Je suis très fière de Rigoletto à Aix-en-Provence et de La Traviata de Calvani à La Scala. J'ai également fait une très bonne production de Roméo et Juliette en Corée mis en scène par Elijah Moshinsky en 2014, et La Traviata à Vienne par Deborah Warner. Ce sont les productions dont je me souviens le plus.
© DR
Comment préparez-vous une nouvelle production d’une œuvre que vous avez déjà chantée ? Est-ce que vous retravaillez la partition ?

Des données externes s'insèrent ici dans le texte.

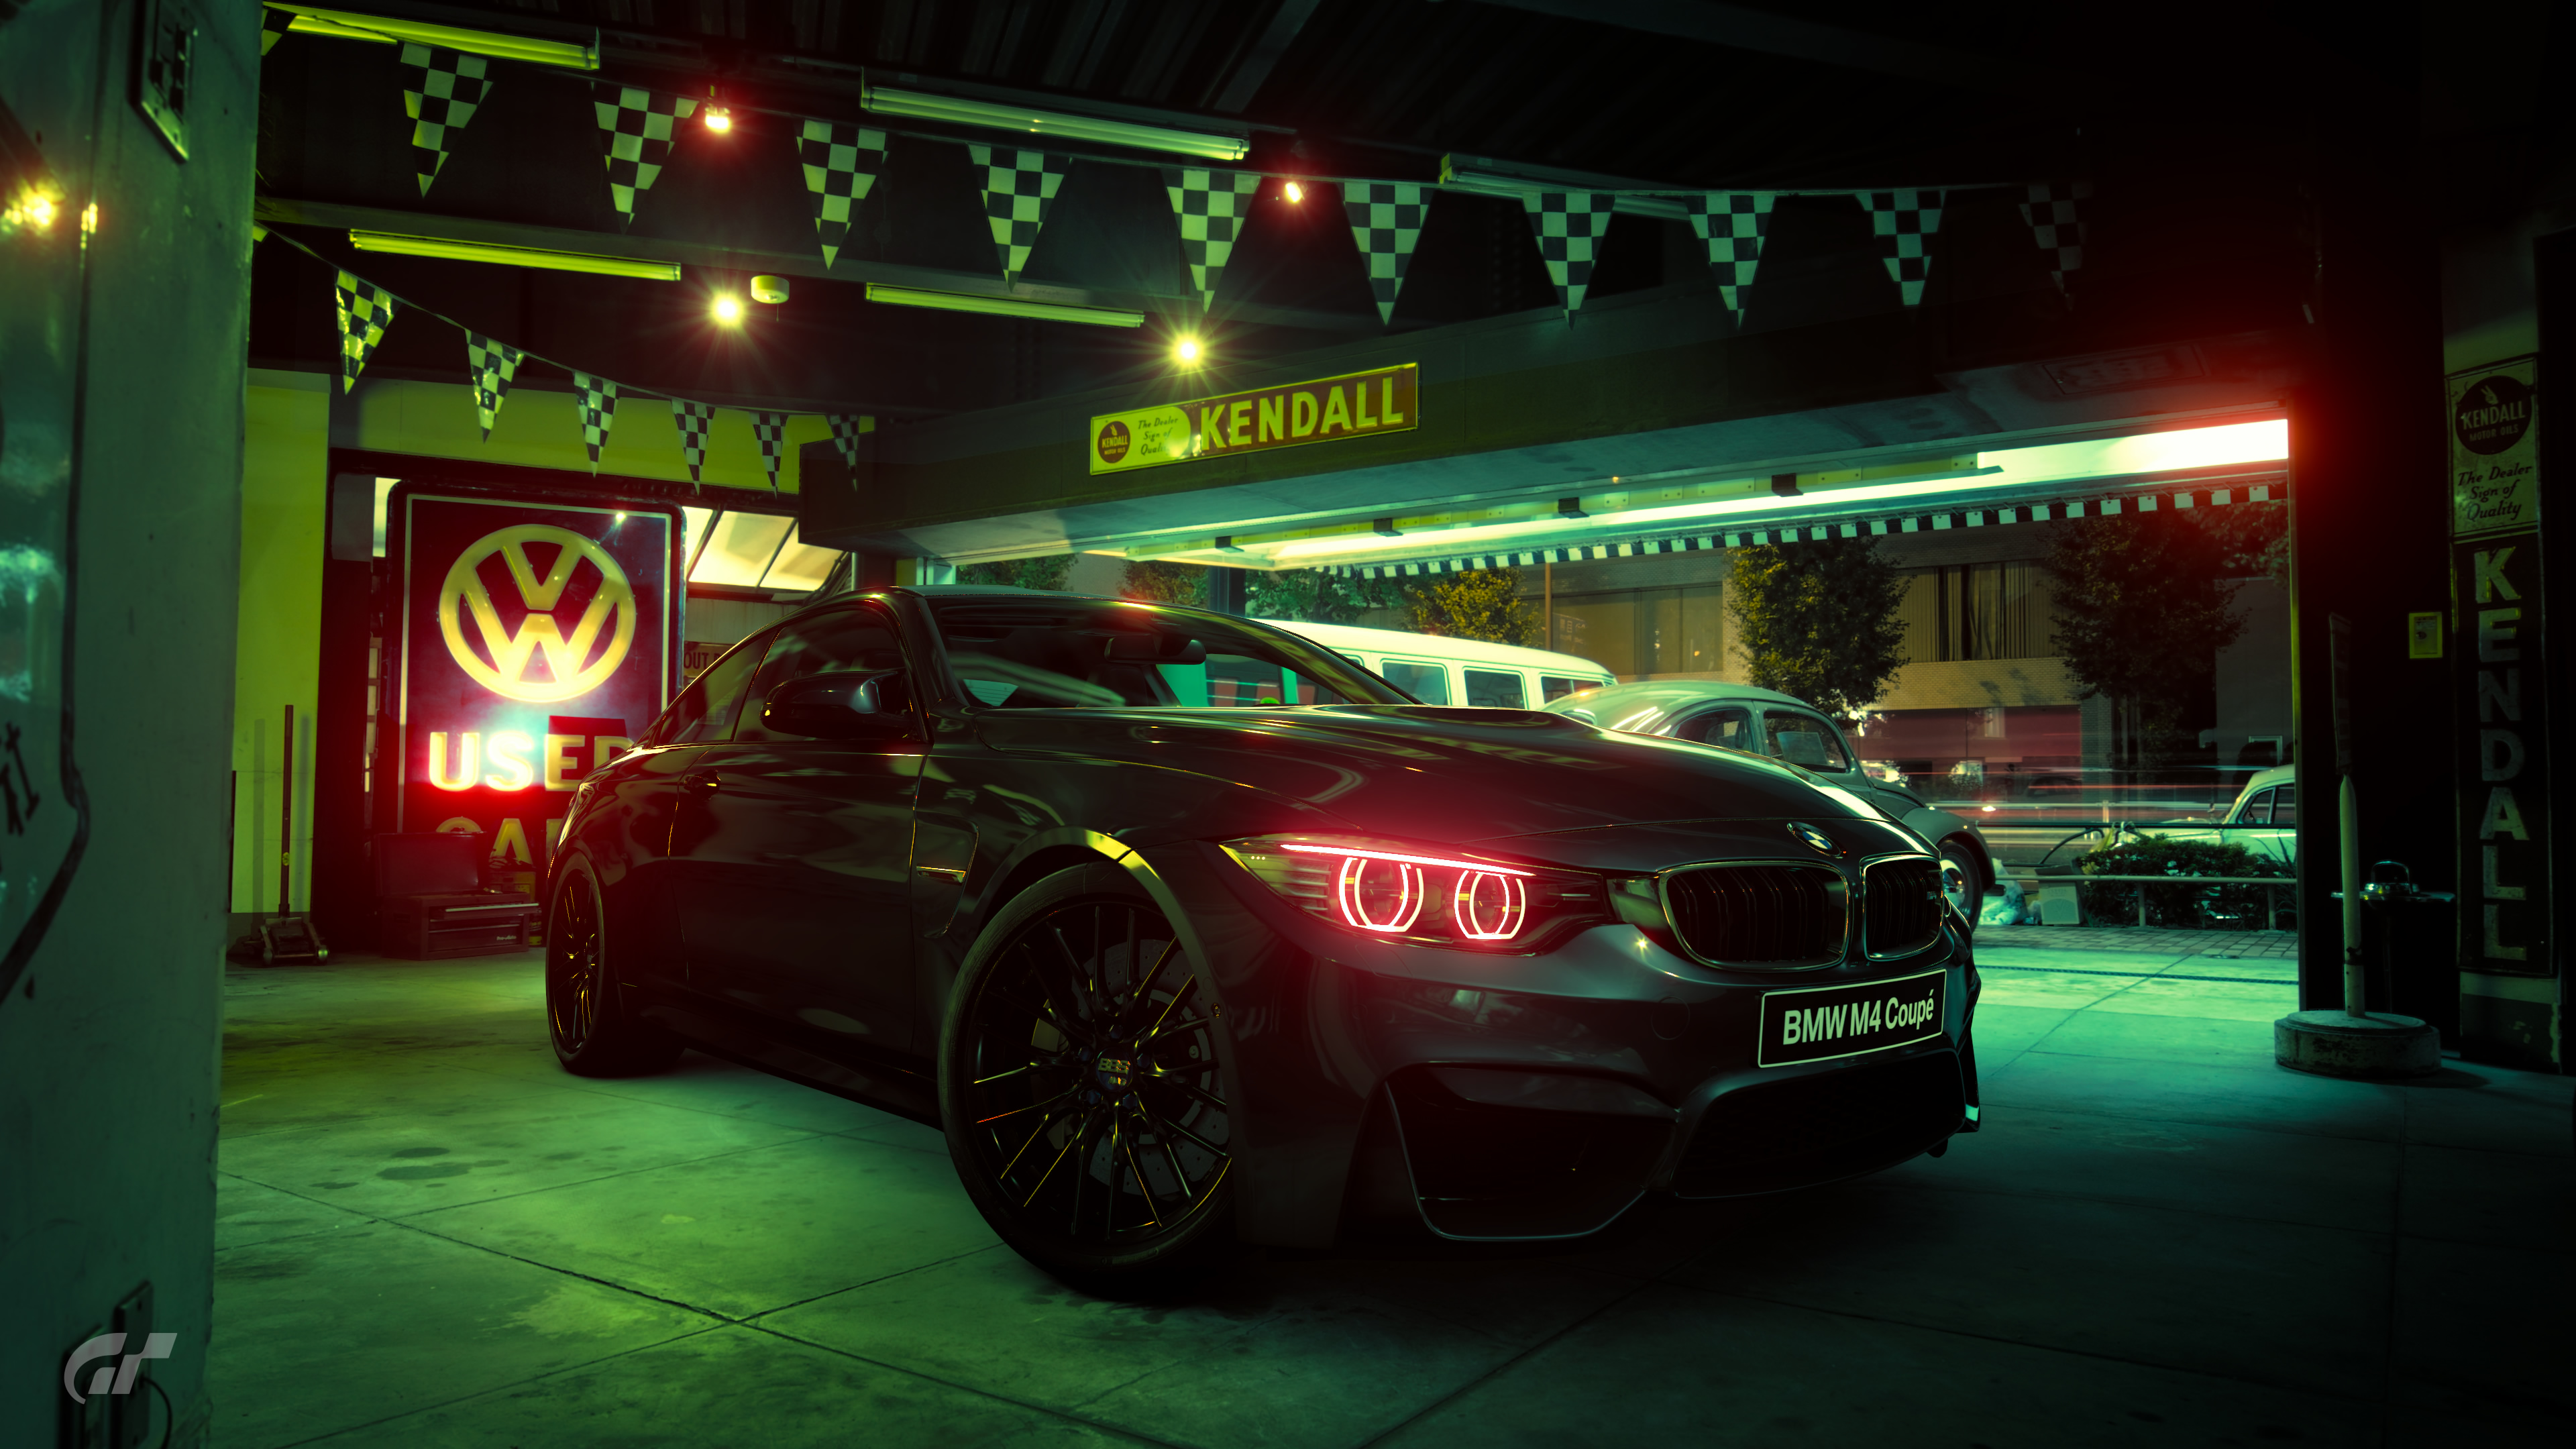 Wallpapers 4k Gran Turismo Bmw M4 Coupe 4k Wallpapers.

Pour La Traviata je n'ai vraiment plus besoin des partitions, mais pour d'autres productions c'est le cas, parce que j'oublie parfois des détails et c'est toujours bien de se rafraîchir la mémoire. Je veux toujours travailler avec de nouveaux metteurs en scène. Je ne veux pas jouer la même Violetta, ce serait bien trop ennuyeux : je l'ai jouée 150 fois. Je veux découvrir de nouvelles choses. Il y a deux ans, je l'ai jouée à Madrid sous la direction de Renato Palumbo. Même s'il a dirigé cette œuvre plus de 200 fois, il a pris du temps pour moi en répétition. J'ai découvert une multitude de choses que je ne connaissais pas, que je n’avais pas remarquées, que je n’avais pas essayées ! C'est tellement stimulant ! Je cherche toujours ce genre de collaboration. Je veux que les chefs et les metteurs en scène m'apprennent quelque chose. J'ai toujours aimé cette approche.

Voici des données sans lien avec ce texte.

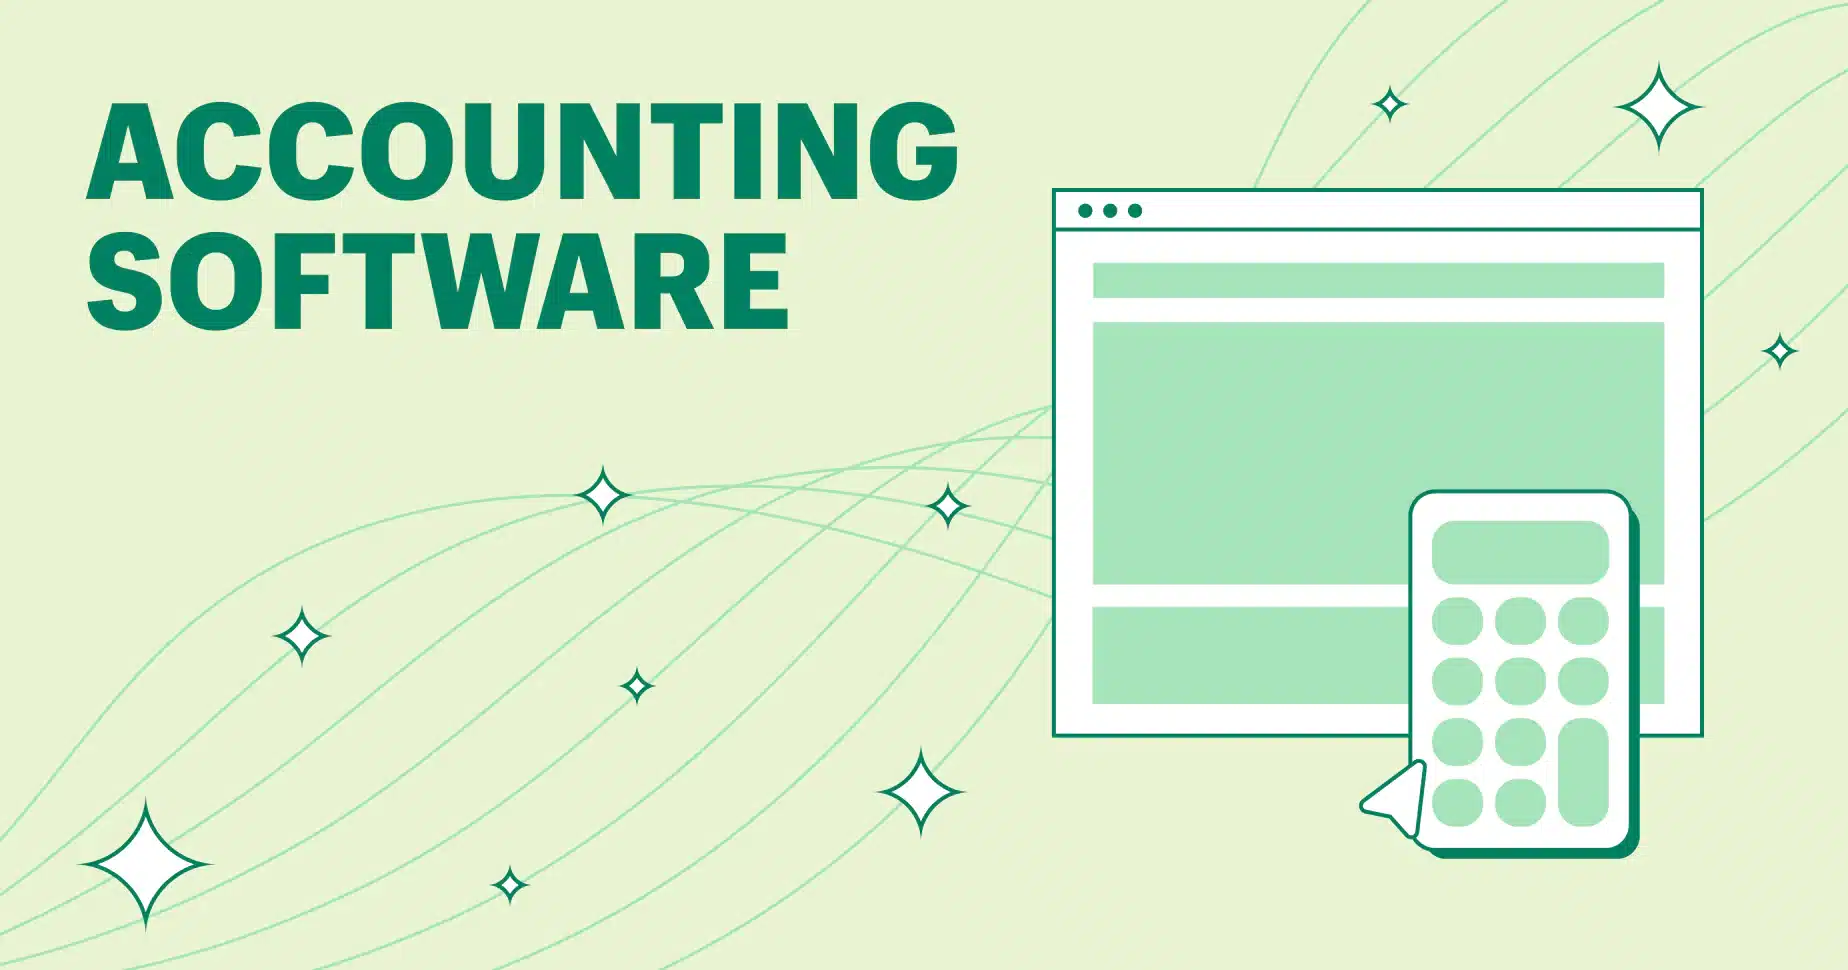 What software should an accountant have?

Quelles sont les productions de la saison prochaine que vous voudriez mettre en avant ?
Je pense à ma prise de rôle de Manon à Bilbao, et à la nouvelle production de Lucia di Lammermoor à Oslo au mois de mars. Je retournerai aussi à Vienne avec Don Giovanni, La Traviata et Don Pasquale. Je suis très heureuse parce que Vienne est l'une des villes que je préfère.